AIM OF THE EXERCISE = Copy the data that appears below exactly. Drop the pictures.

INPUT DATA =

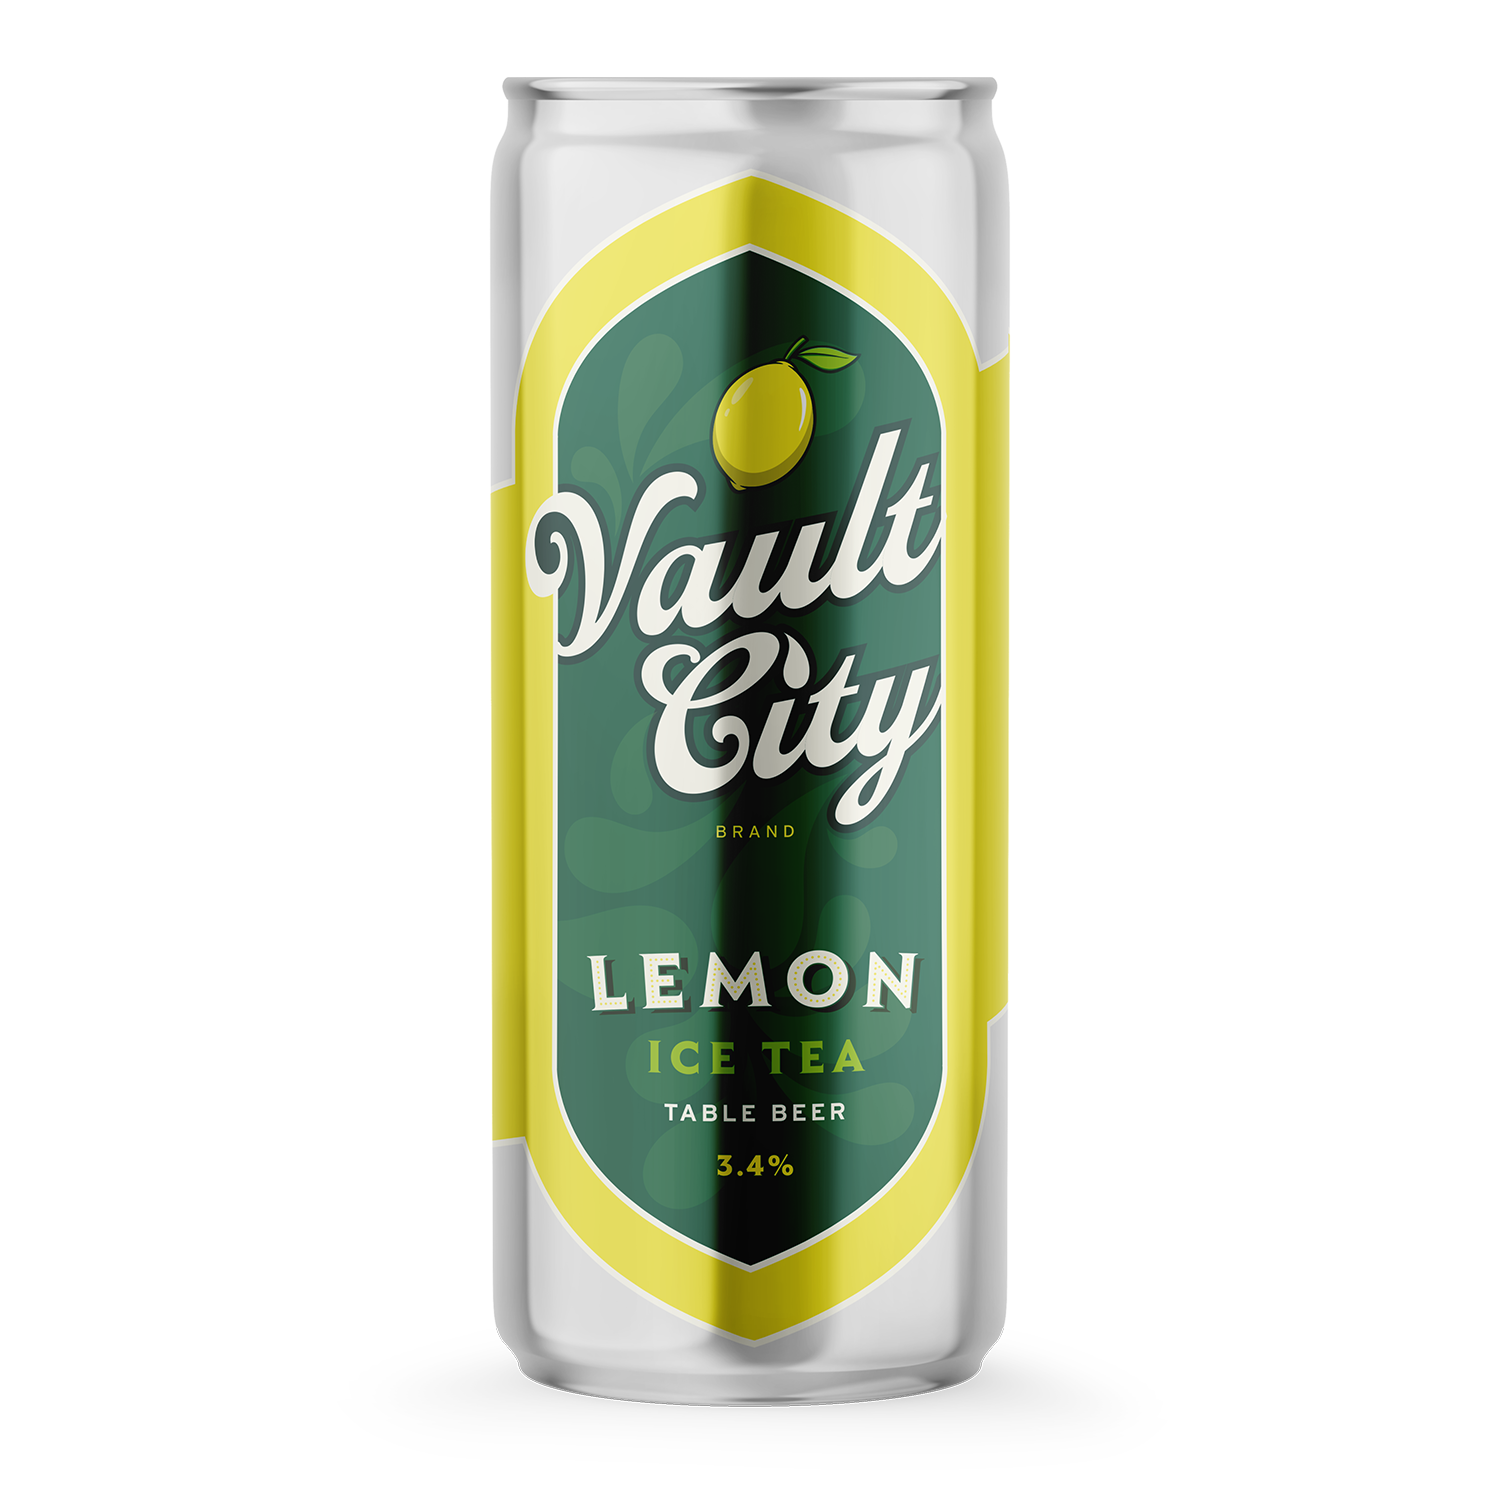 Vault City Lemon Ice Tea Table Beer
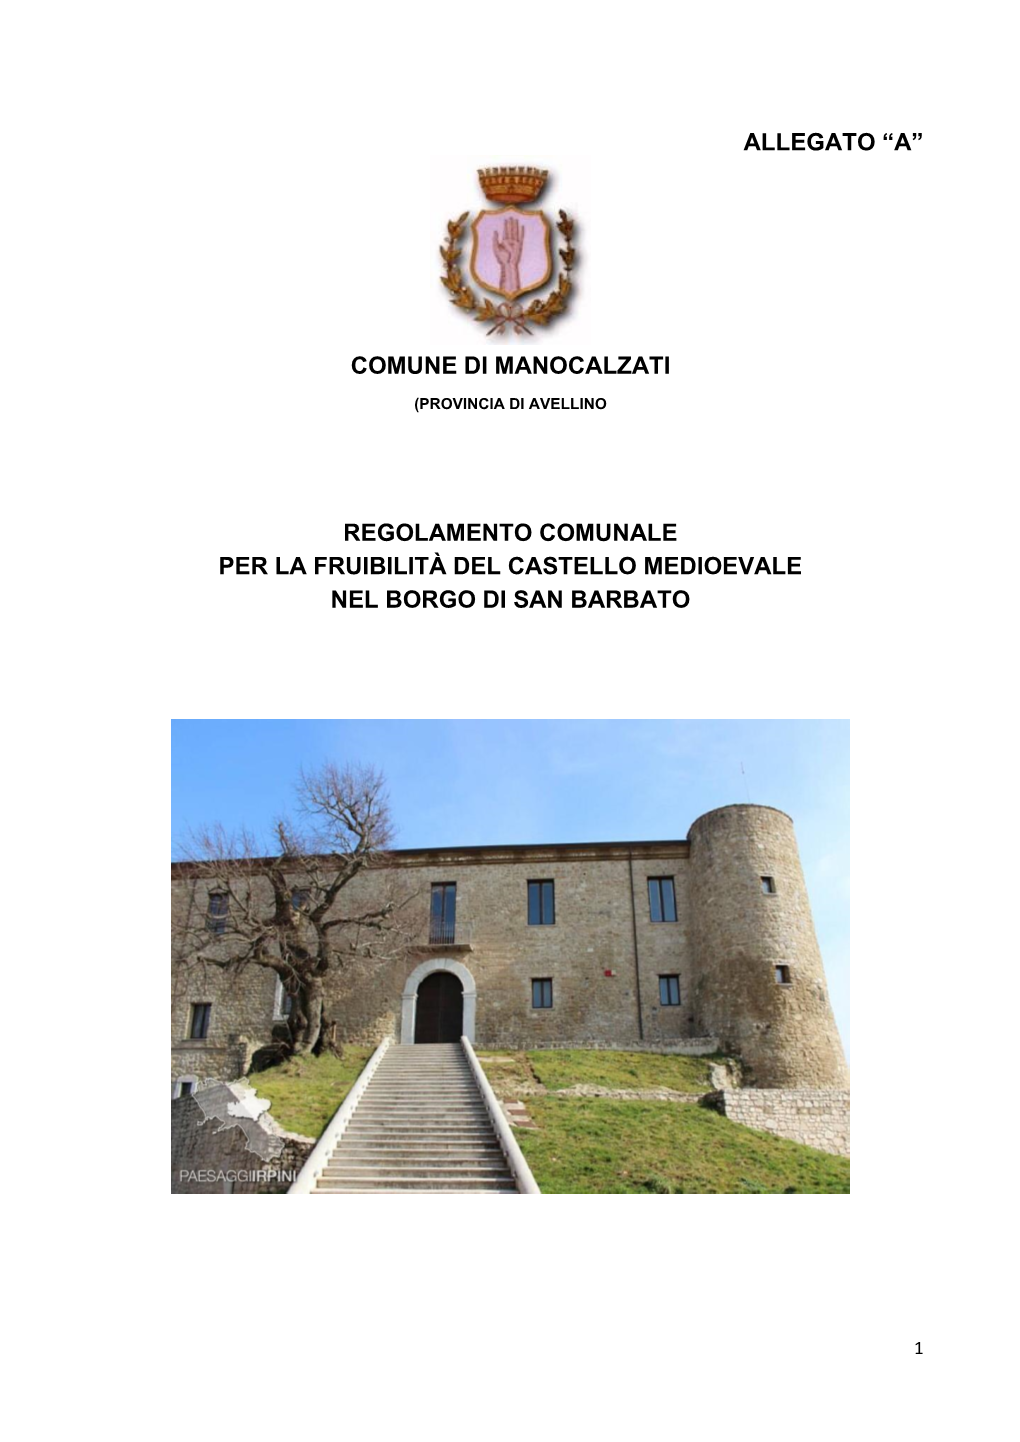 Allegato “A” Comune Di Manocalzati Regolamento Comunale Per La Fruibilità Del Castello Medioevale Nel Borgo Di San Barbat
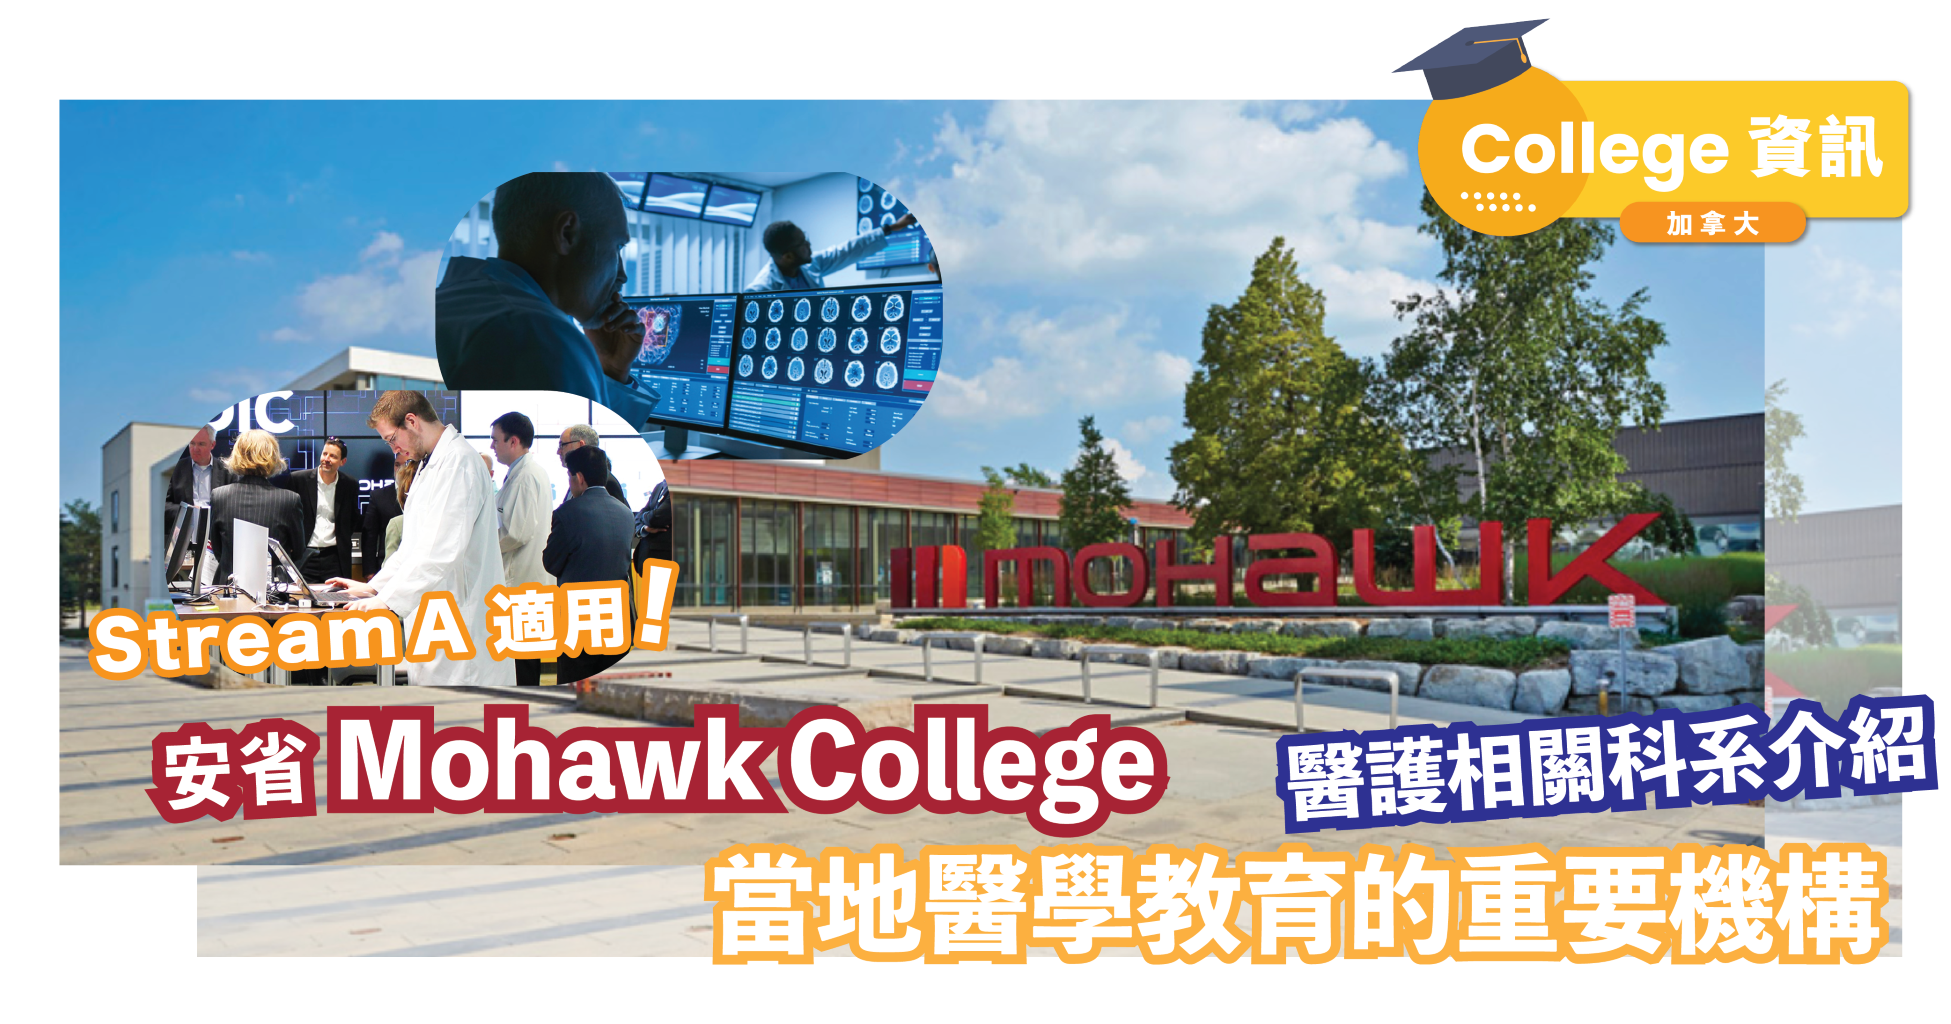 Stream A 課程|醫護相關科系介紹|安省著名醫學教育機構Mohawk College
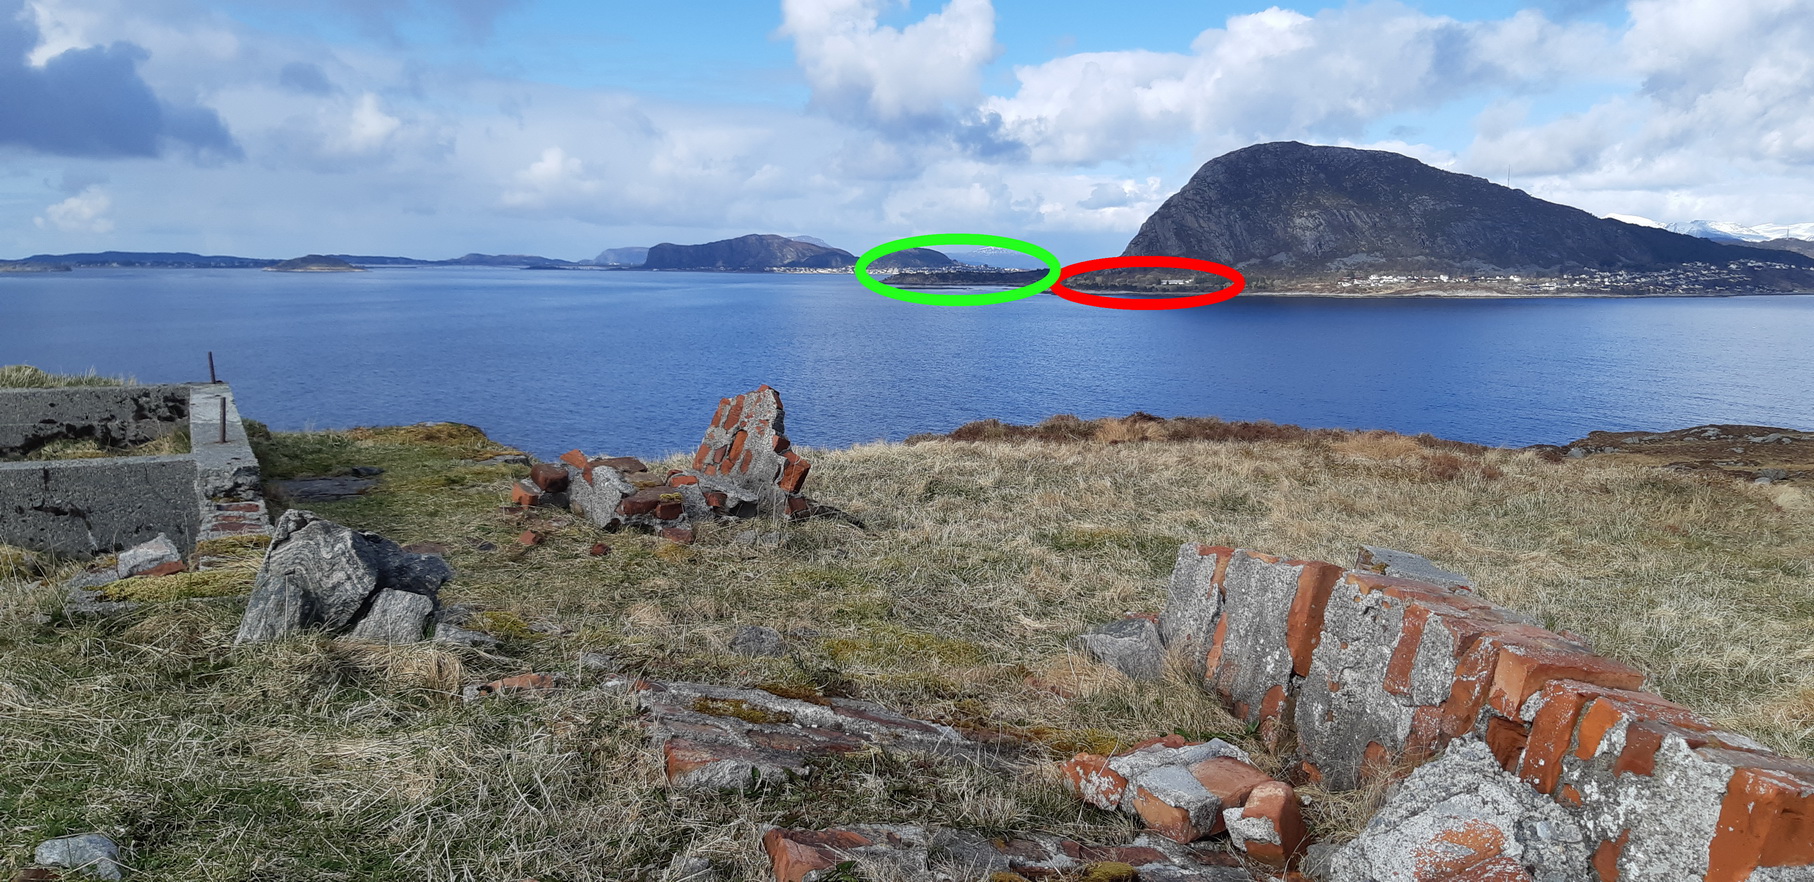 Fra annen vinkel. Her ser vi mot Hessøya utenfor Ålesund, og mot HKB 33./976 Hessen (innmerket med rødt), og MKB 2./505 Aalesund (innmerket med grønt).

TASK RESULT =
 Vault City Lemon Ice Tea Table Beer
 Allegato “A” Comune Di Manocalzati Regolamento Comunale Per La Fruibilità Del Castello Medioevale Nel Borgo Di San Barbat
 Stream A 課程|醫護相關科系介紹|安省著名醫學教育機構Mohawk College
 Fra annen vinkel. Her ser vi mot Hessøya utenfor Ålesund, og mot HKB 33./976 Hessen (innmerket med rødt), og MKB 2./505 Aalesund (innmerket med grønt).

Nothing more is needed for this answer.